The second lake I visited on my brief visit to Romania makes it almost impossible to avoid mentioning two of Romania’s most infamous citizens. Lacul Snagov, about 40 km north of Bucharest, is surrounded by the weekend villas of Romania’s current and past elite, including the notorious Nicolei Ceauşescu. That connection, however, pales beside that of a monastery on an island in the lake, reputed to contain the grave of Vlad the Impaler, better known to the rest of the world as Dracula. This is mostly due to Bram Stoker’s novel although he never actually visited Romania. His interpretation of the Dracula legend was based partly on hearsay, but largely on his own vivid imagination, much to the despair of modern Romanians.
Whereas Lacul Cāldāruşani had turbid phytoplankton-rich water, Lacul Snagov was much clearer, with a varied assortment of submerged plant visible below the surface as we travelled across the lake in an inflatable boat. Large areas of the surface were covered with water lilies, a mixture of Nymphaea alba, the common white water lily, and, of more interest to me, the Indian lotus, Nelumbo nucifera. As the name suggests, it is native to Asia: I have seen this growing in Bangladesh, and eaten it in Korea and China, but here it was growing in abundance in a European lake. The term “invasive species” has been applied to Indian lotus but, like many visually attractive plants, the “invasion” was helped by human agents. Records of lotus in Snagov go back to 1955, and now it covers large areas of the lake surface. There is some evidence that the spread of Nelumbo nucifera has altered the composition of other plants in the lake, albeit without detracting seriously from the visual aesthetics (see image above).
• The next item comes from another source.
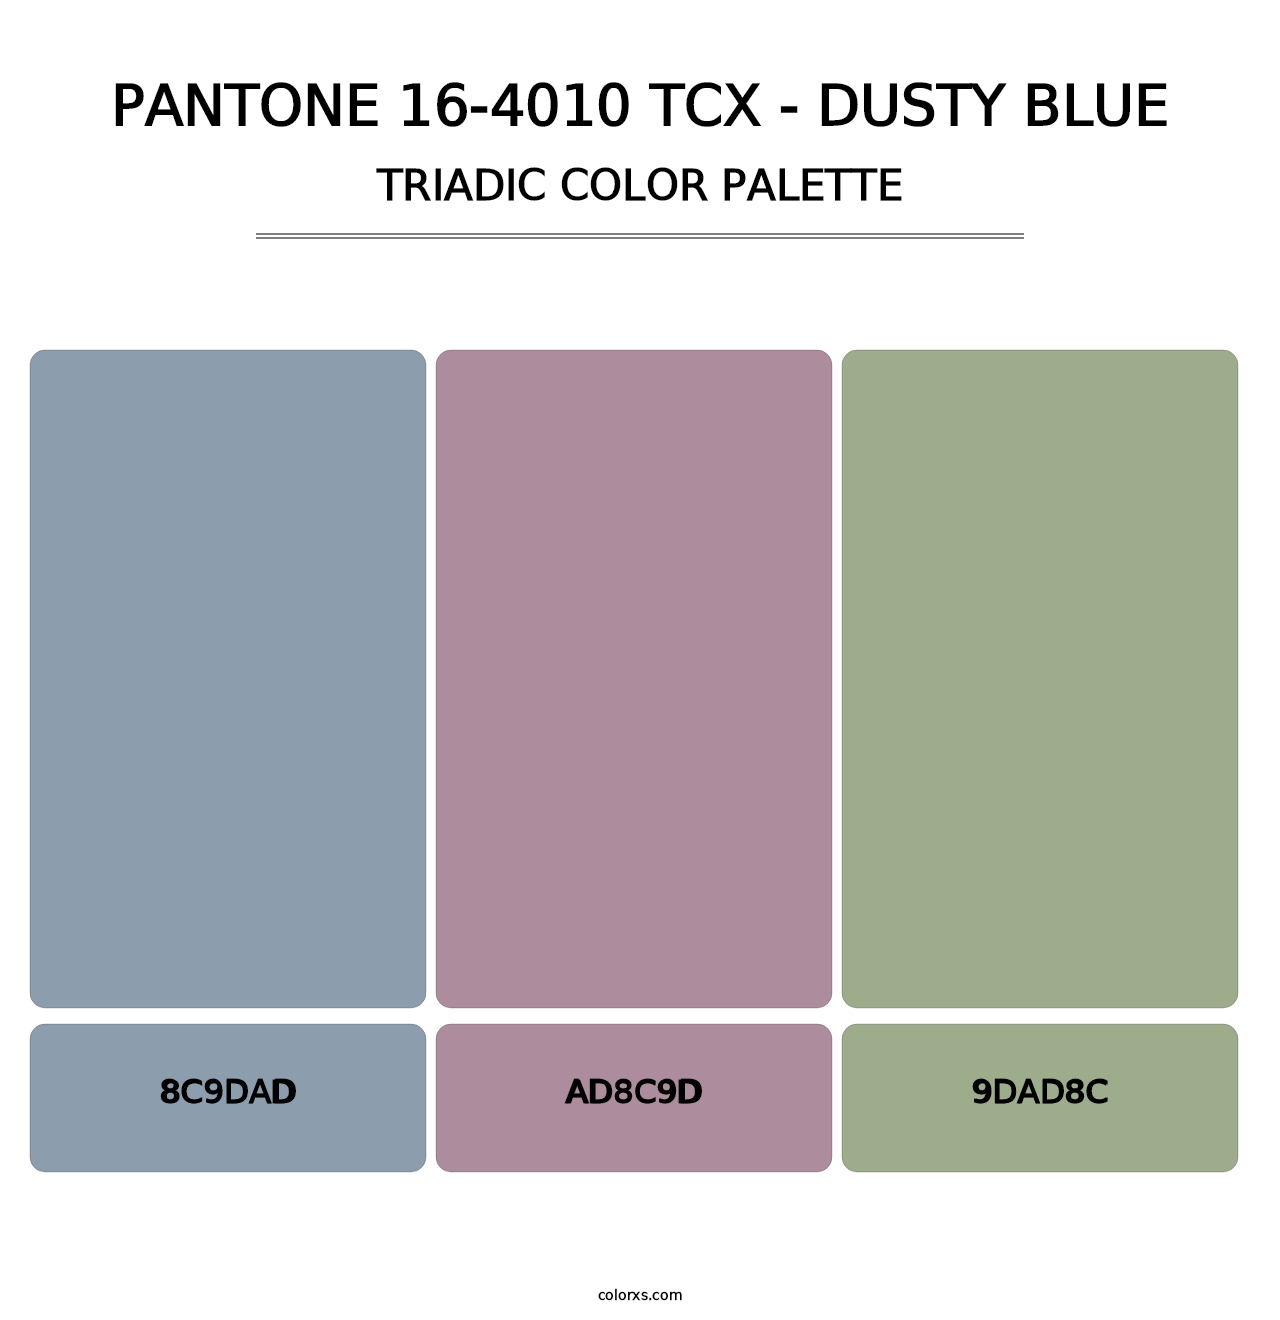 PANTONE 16-4010 TCX - Dusty Blue - Triadic Color Palette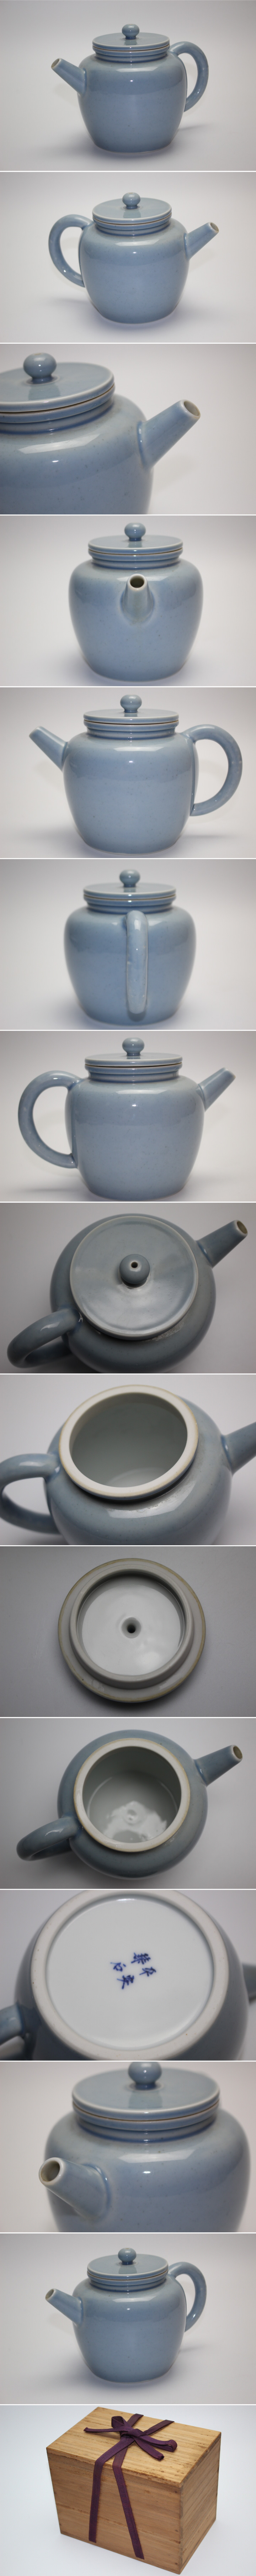 【売り日本】■平安 華石 天藍釉水柱 煎茶/茶道具■ 送料込み 茶道具

The topic of invasive plants and animals is controversial, and is one that can make usually mild-mannered ecologists sound like rabid xenophobes. I enjoyed Ken Thompson’s recent book “Where do Camels Belong?” which questioned the whole concept of a “native species” in an ever-changing landscape. If you cannot define a “native” species securely, argues Thompson, then nor should we rush to attach labels such as “invasive” or “alien” to non-native species. Judge each on its merits.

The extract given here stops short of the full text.